原因就在于mysql在没有直方图之前,如果数据倾斜严重的情况下,容易走错执行计划。所以引入了一个index dive的特性。官方文档介绍如下:
Equality Range Optimization of Many-Valued Comparisons
Consider these expressions, where col_name is an indexed column:col_name IN(val1, …, valN)
col_name = val1 OR … OR col_name = valN
Each expression is true if col_name is equal to any of several values. These comparisons are equality range comparisons (where the “range” is a single value). The optimizer estimates the cost of reading qualifying rows for equality range comparisons as follows:If there is a unique index on col_name, the row estimate for each range is 1 because at most one row can have the given value.

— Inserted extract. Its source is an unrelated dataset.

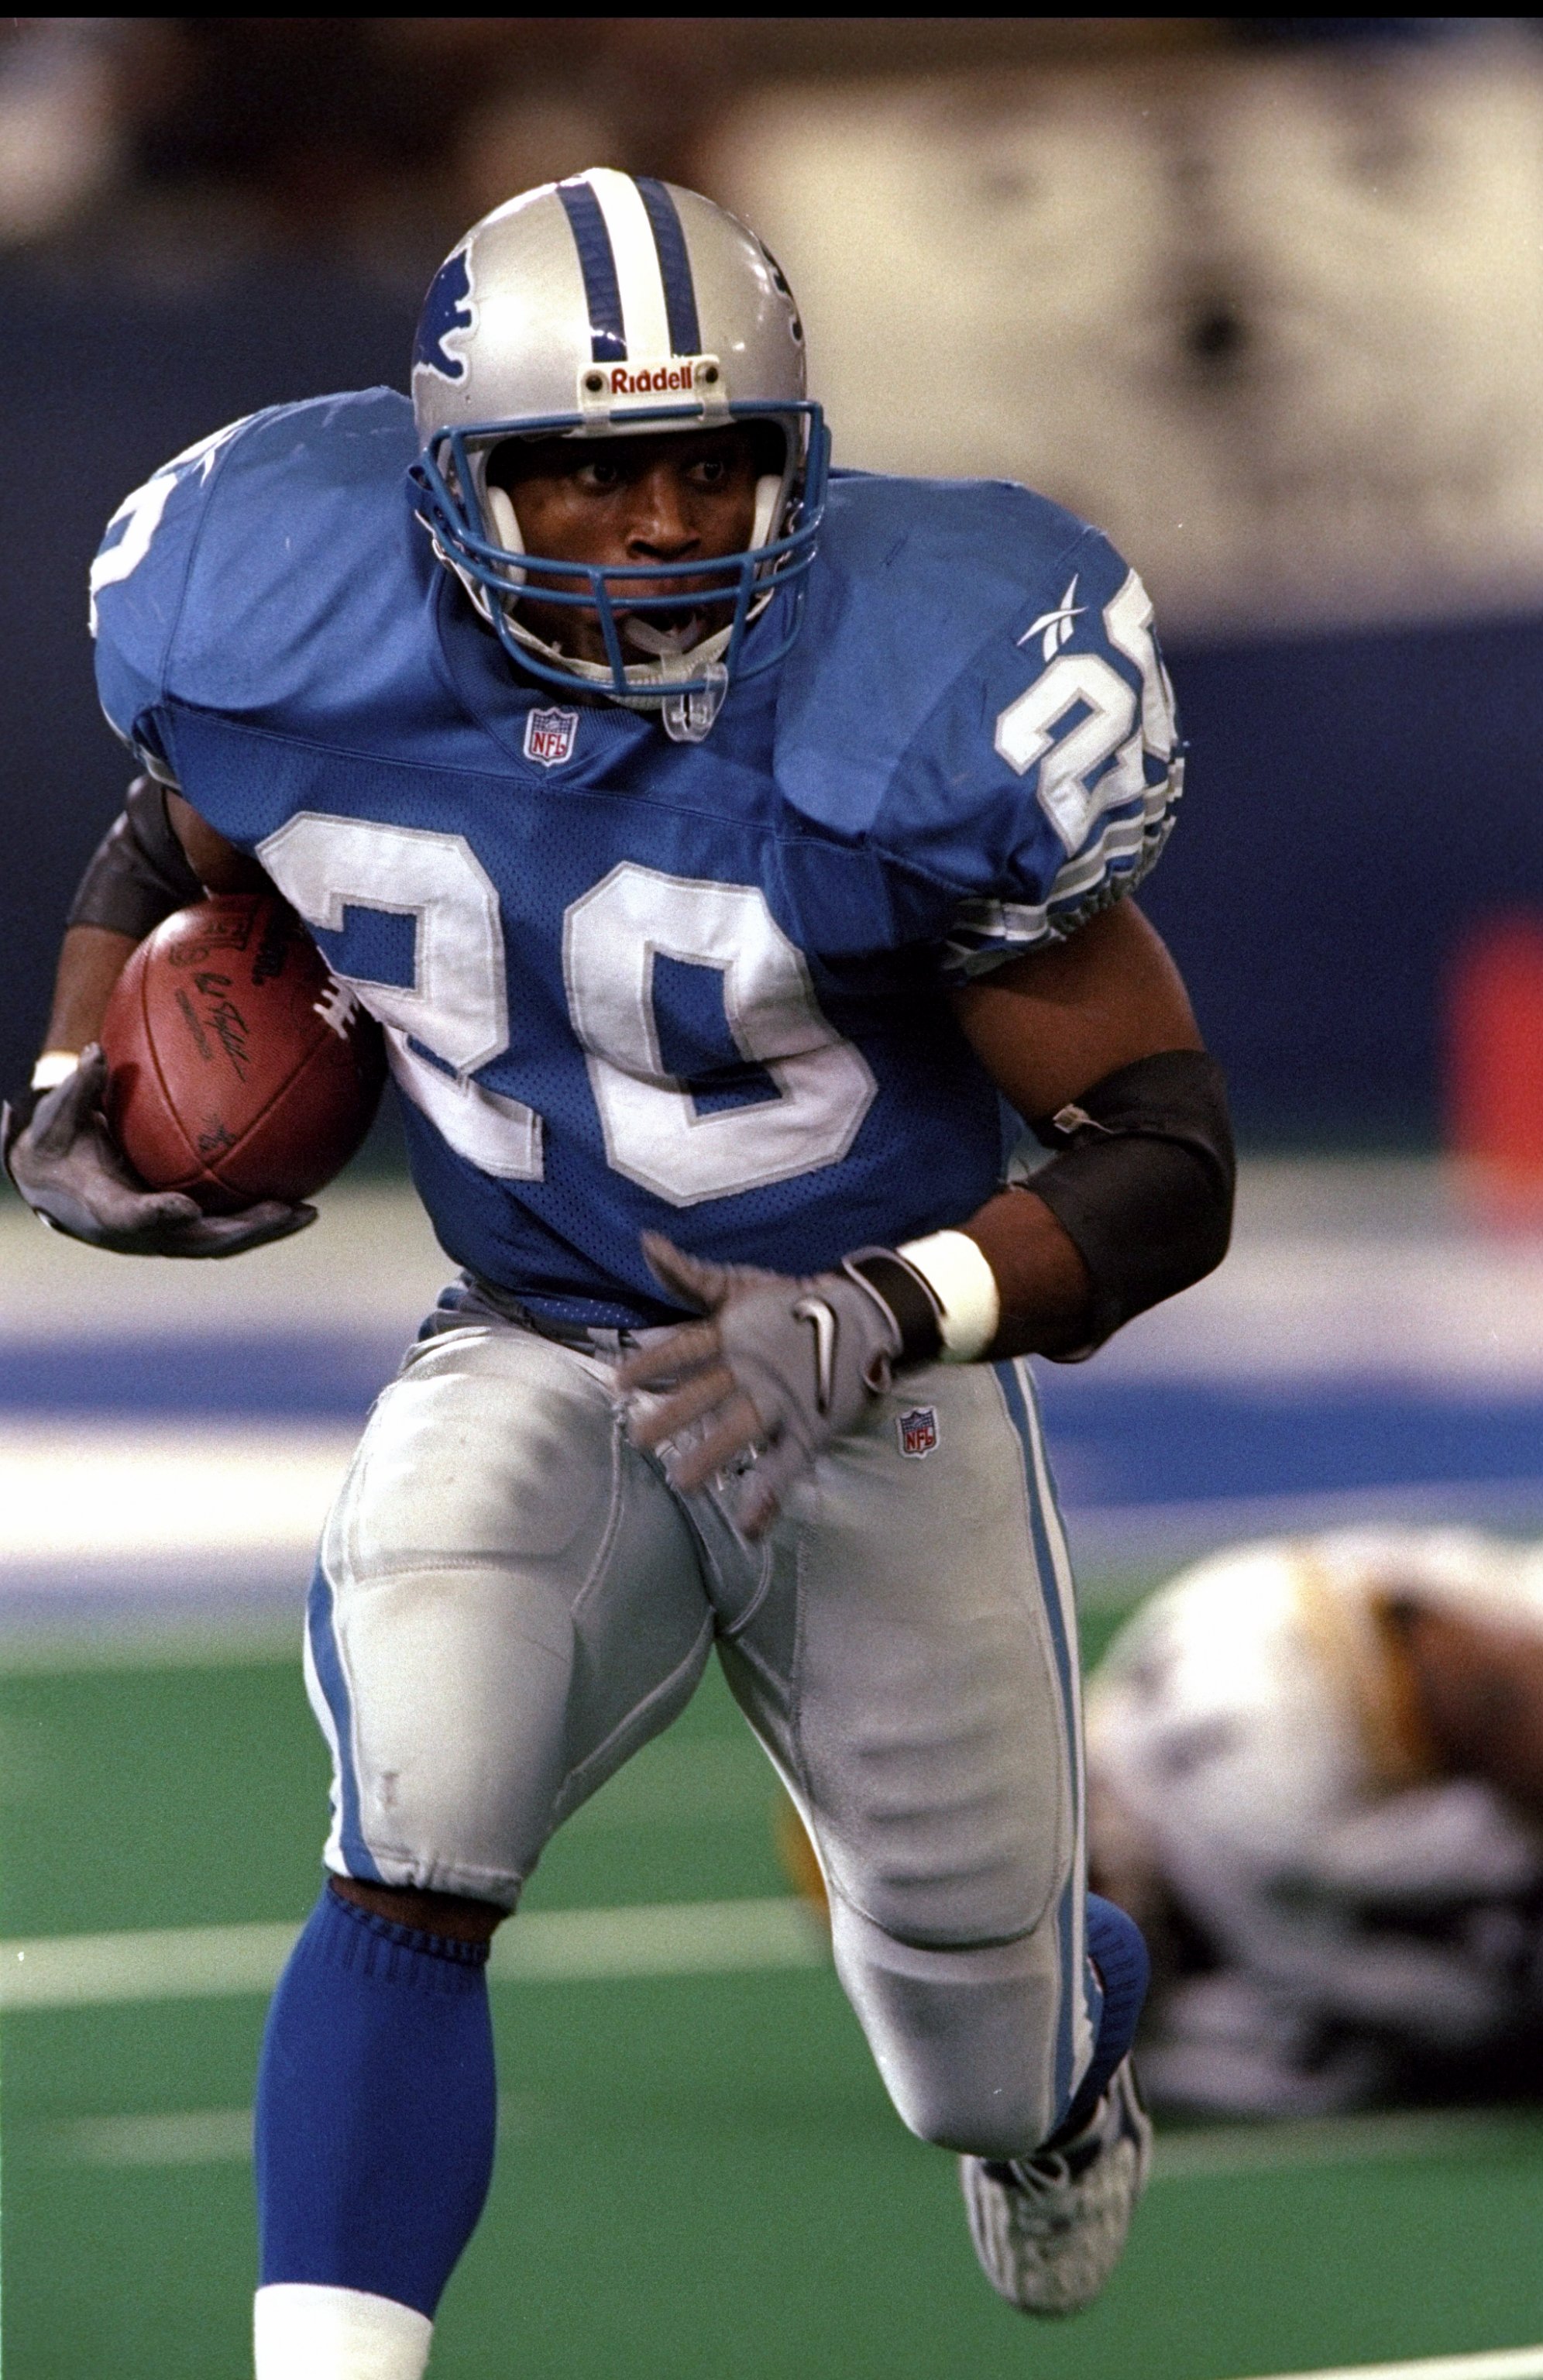 26 Nov 1998: Running back Barry Sanders #20 of the Detroit Lions in action during the game against the Pittsburgh Steelers at the Pontiac Silverdome in Pontiac, Michigan. The Lions defeated the Steelers 19-16.

Otherwise, any index on col_name is nonunique and the optimizer can estimate the row count for each range using dives into the index or index statistics.
With index dives, the optimizer makes a dive at each end of a range and uses the number of rows in the range as the estimate. For example, the expression col_name IN (10, 20, 30) has three equality ranges and the optimizer makes two dives per range to generate a row estimate. Each pair of dives yields an estimate of the number of rows that have the given value.Index dives provide accurate row estimates, but as the number of comparison values in the expression increases, the optimizer takes longer to generate a row estimate. Use of index statistics is less accurate than index dives but permits faster row estimation for large value lists.The eq_range_index_dive_limit system variable enables you to configure the number of values at which the optimizer switches from one row estimation strategy to the other. To permit use of index dives for comparisons of up to N equality ranges, set eq_range_index_dive_limit to N + 1. To disable use of statistics and always use index dives regardless of N, set eq_range_index_dive_limit to 0.To update table index statistics for best estimates, use ANALYZE TABLE.Prior to MySQL 8.0, there is no way of skipping the use of index dives to estimate index usefulness, except by using the eq_range_index_dive_limit system variable. In MySQL 8.0, index dive skipping is possible for queries that satisfy all these conditions:The query is for a single table, not a join on multiple tables.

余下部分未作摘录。